Take the listing below and write it out again exactly, skipping any picture that it holds.

◆ Input data ◆
──────────────────────────────

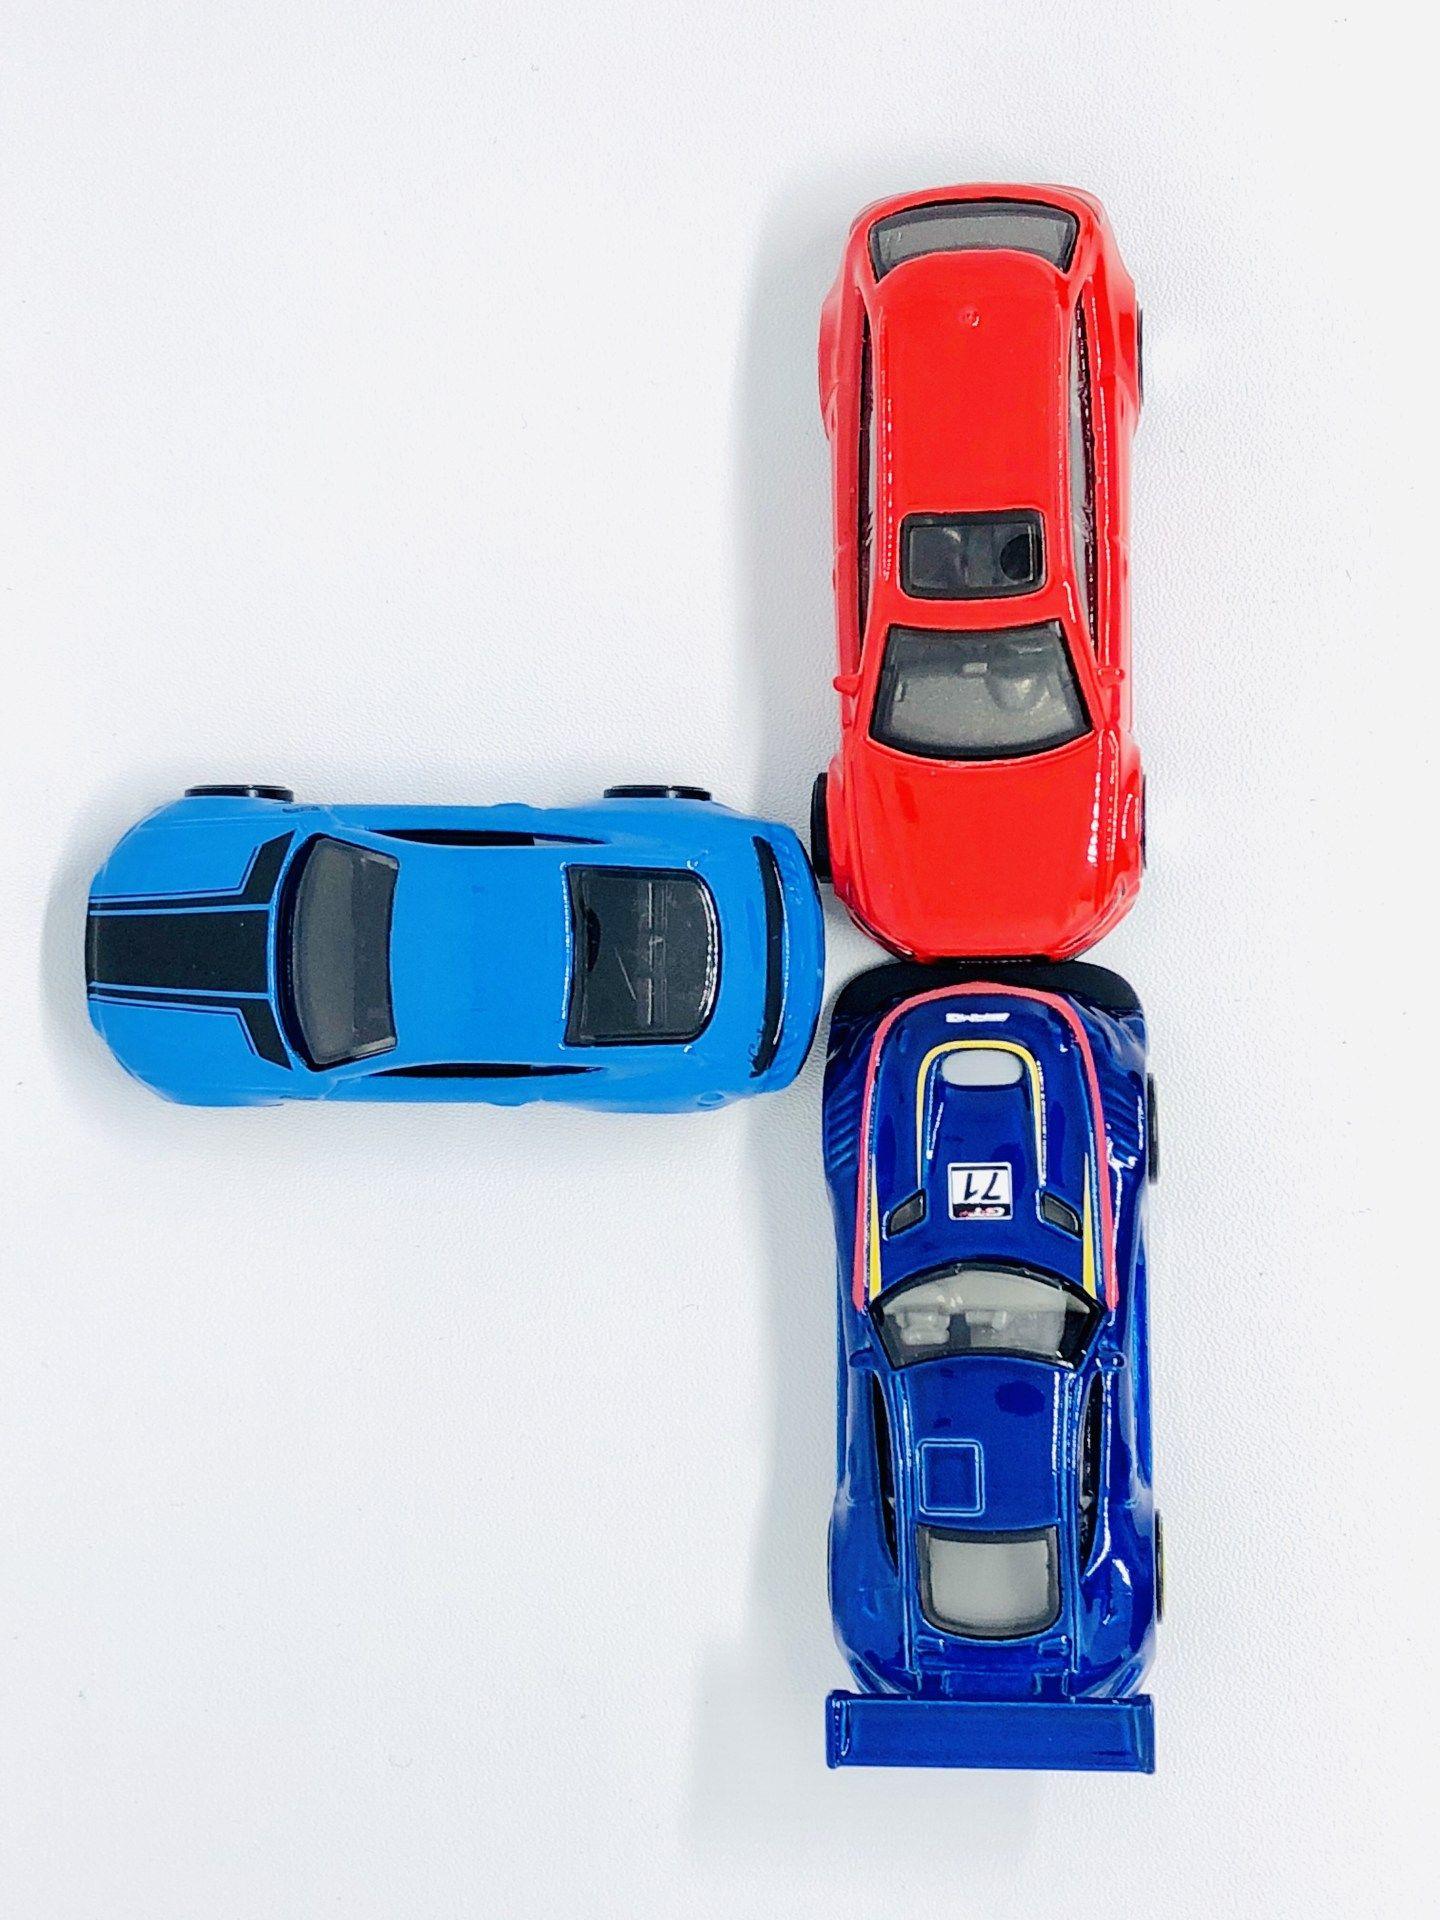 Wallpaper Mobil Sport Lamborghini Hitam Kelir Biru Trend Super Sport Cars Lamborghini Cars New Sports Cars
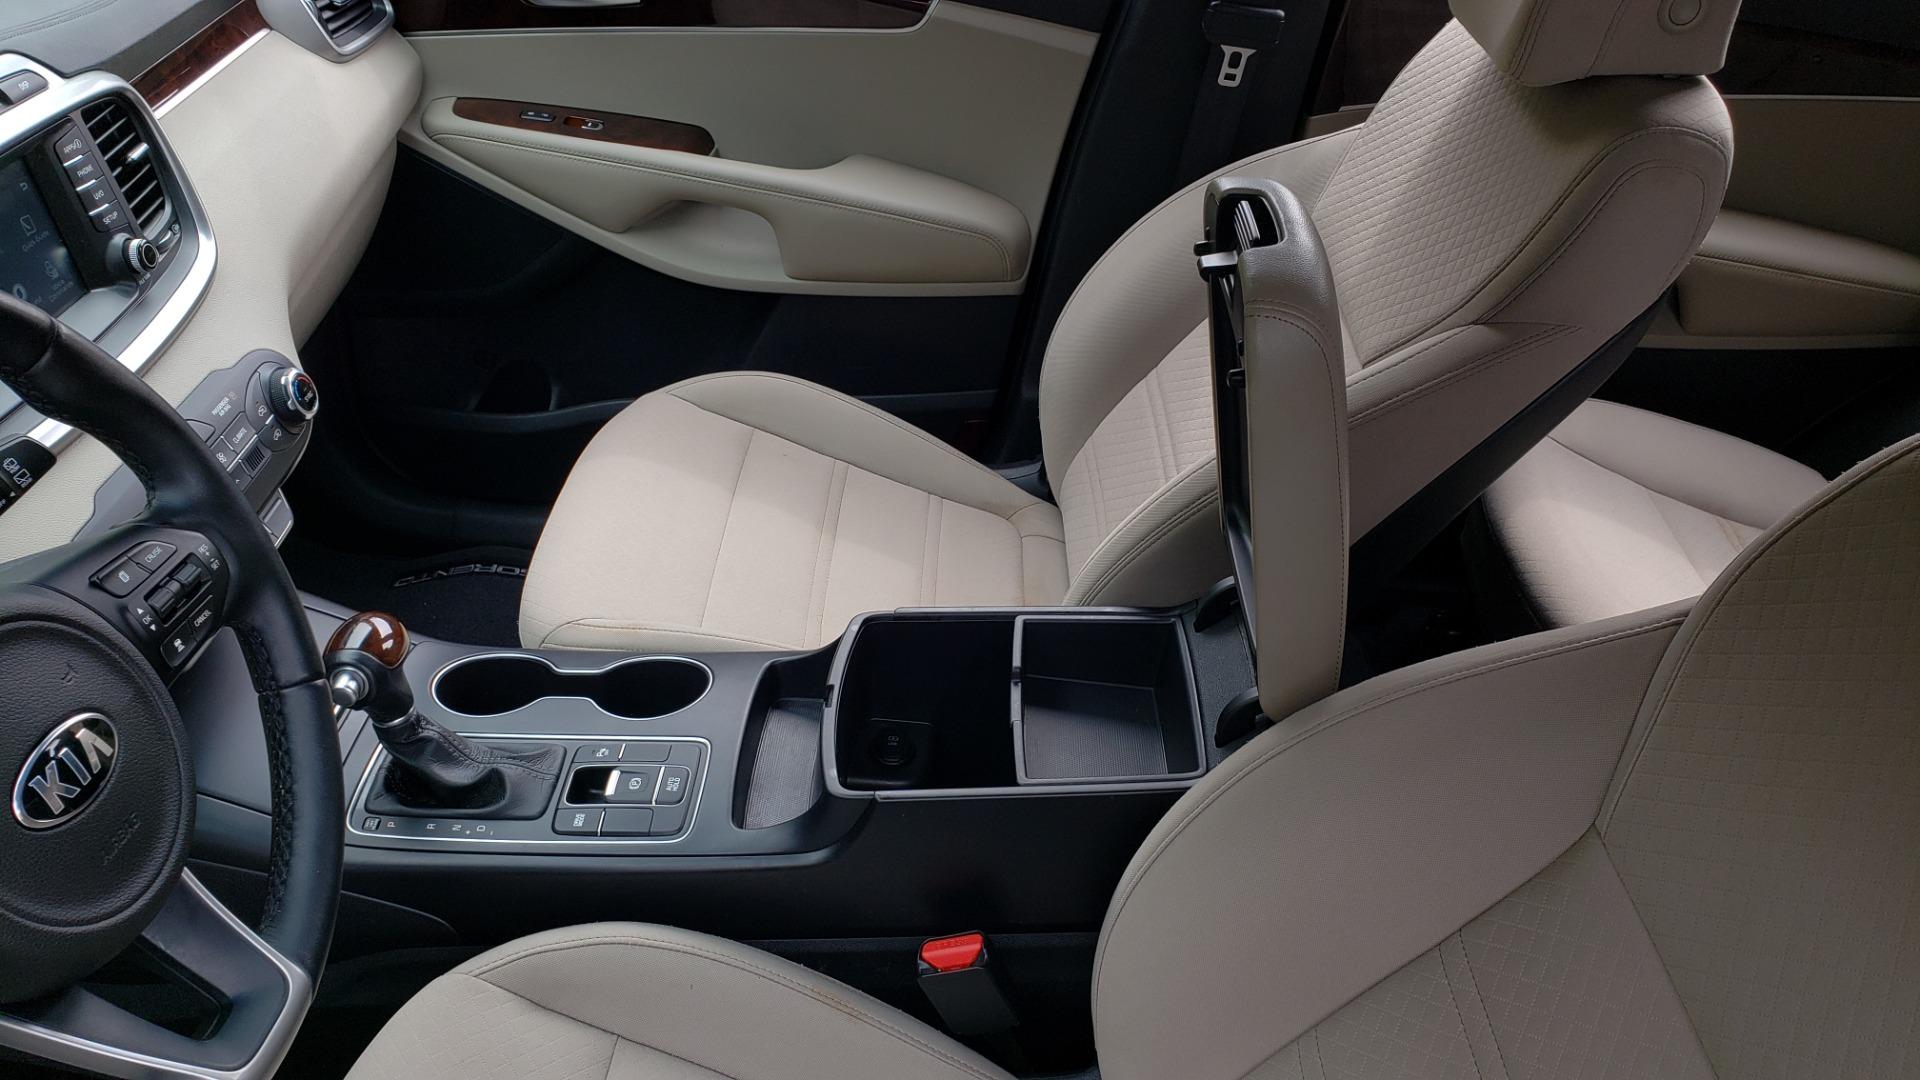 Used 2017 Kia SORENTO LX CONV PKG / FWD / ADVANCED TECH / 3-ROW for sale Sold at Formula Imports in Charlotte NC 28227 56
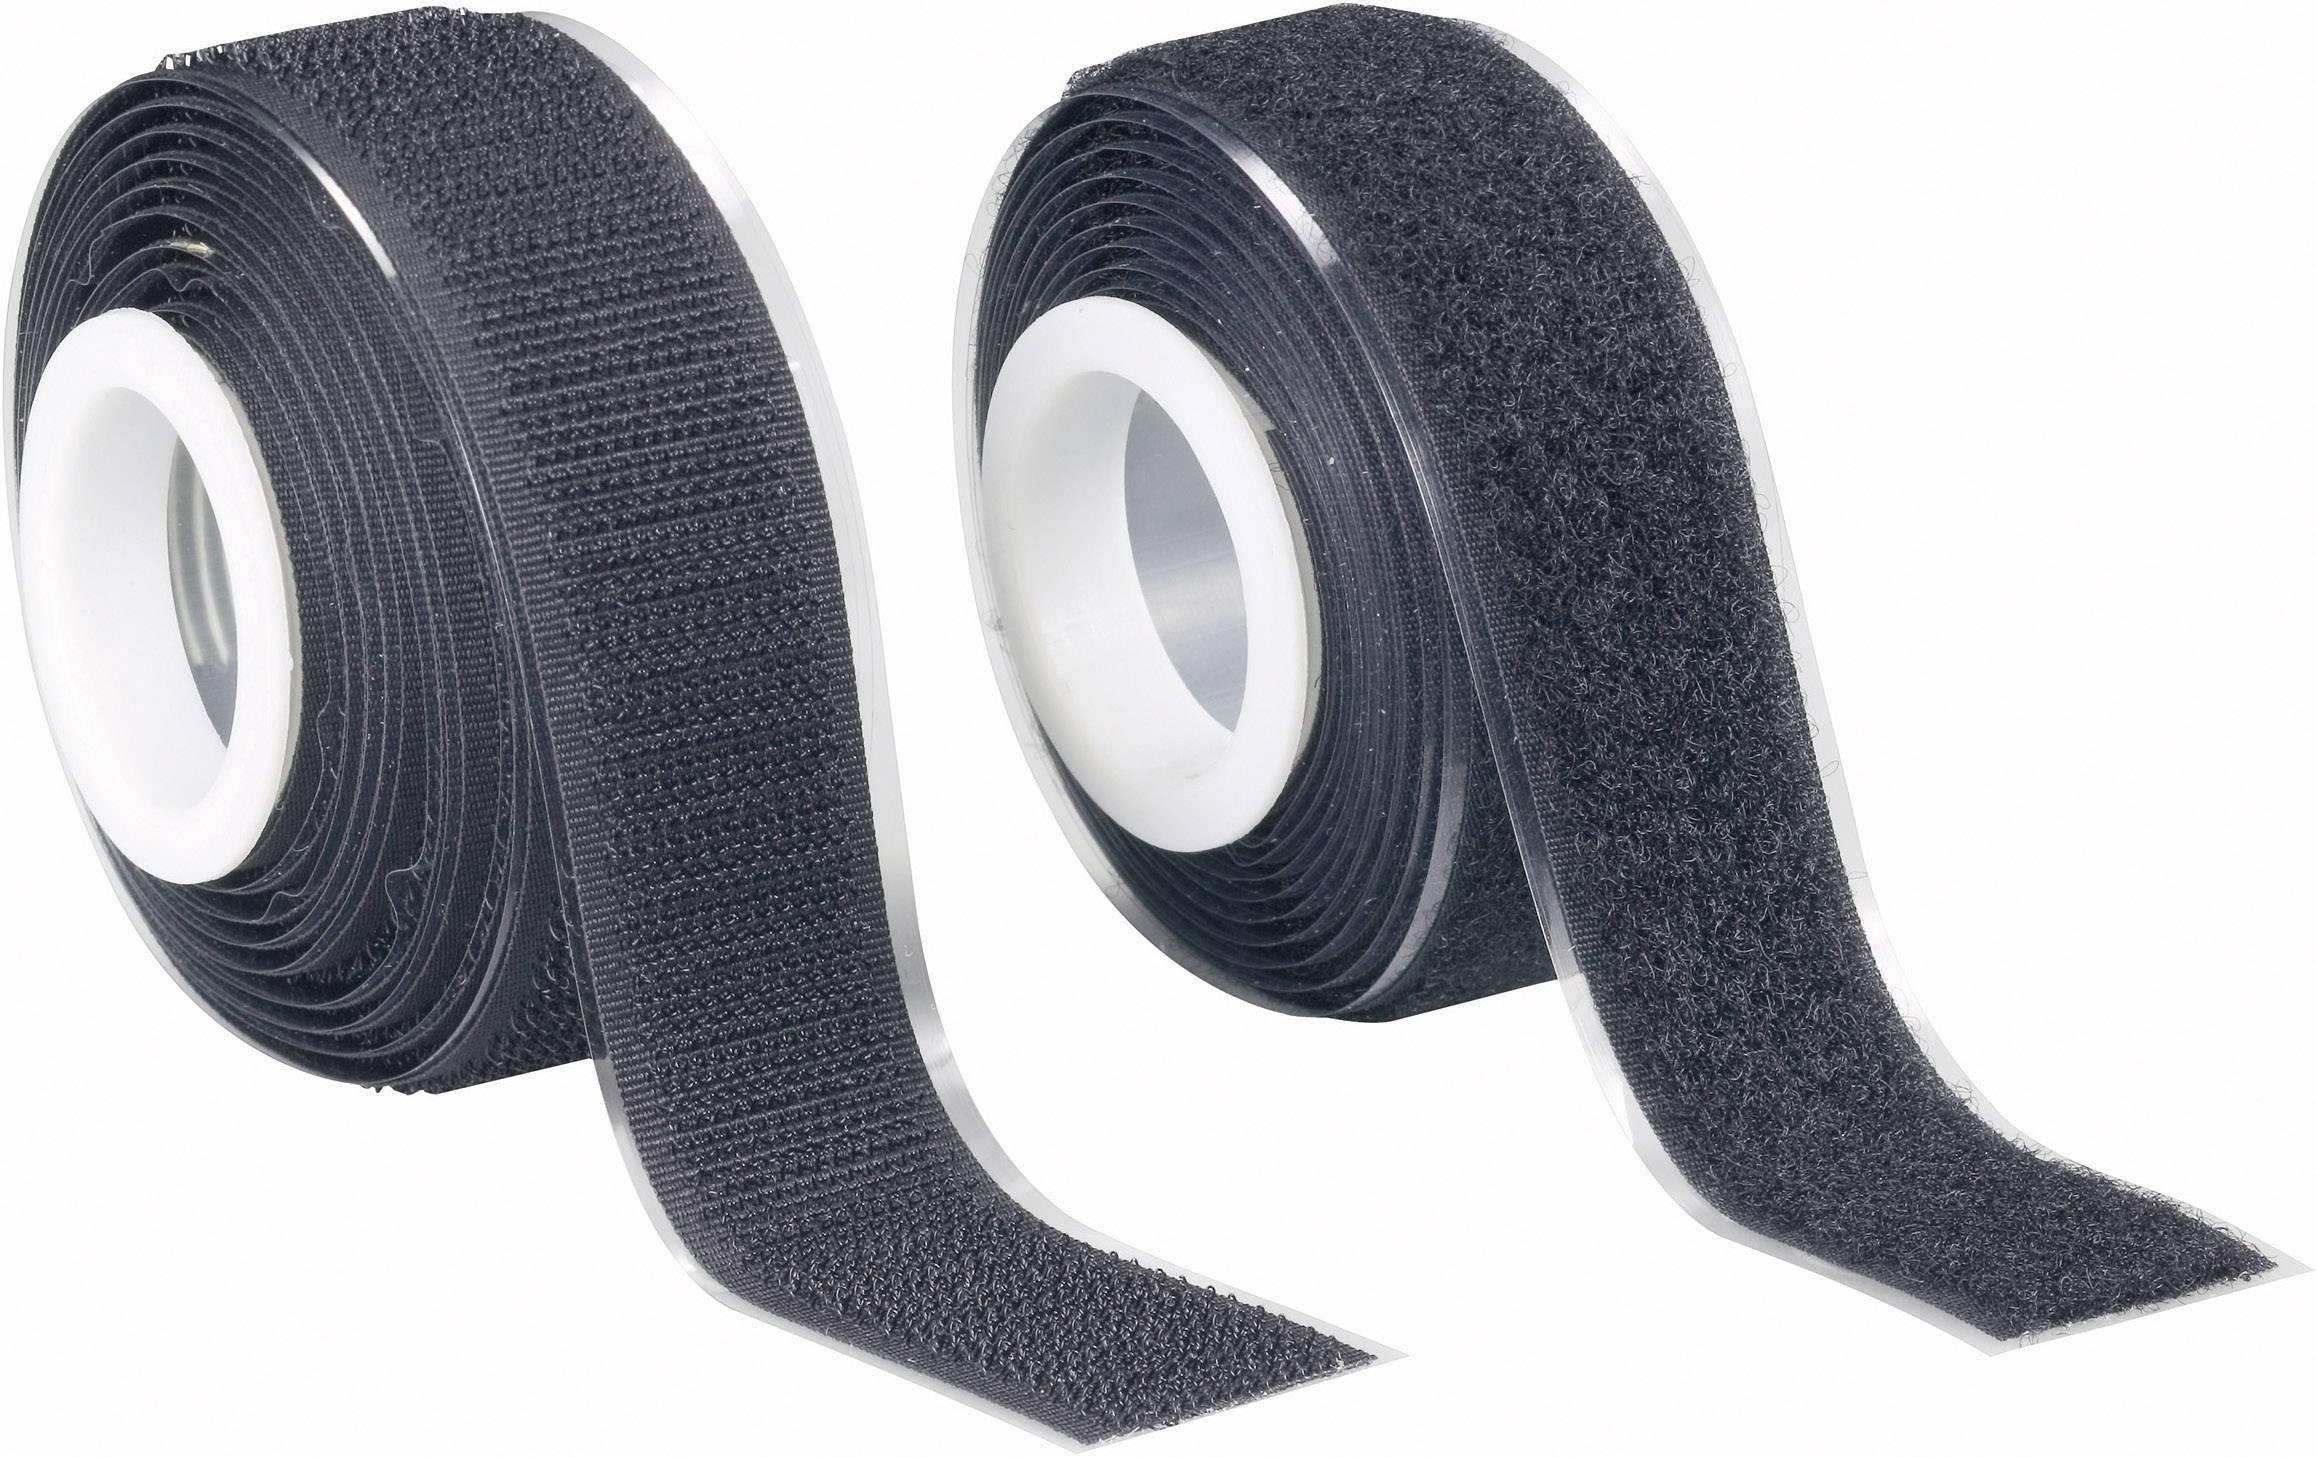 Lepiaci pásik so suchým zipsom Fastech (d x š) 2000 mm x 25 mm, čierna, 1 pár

──────────────────────────────

◆ Result for this exercise ◆
 Wallpaper Mobil Sport Lamborghini Hitam Kelir Biru Trend Super Sport Cars Lamborghini Cars New Sports Cars
 Used 2017 Kia SORENTO LX CONV PKG / FWD / ADVANCED TECH / 3-ROW for sale Sold at Formula Imports in Charlotte NC 28227 56
 Lepiaci pásik so suchým zipsom Fastech (d x š) 2000 mm x 25 mm, čierna, 1 pár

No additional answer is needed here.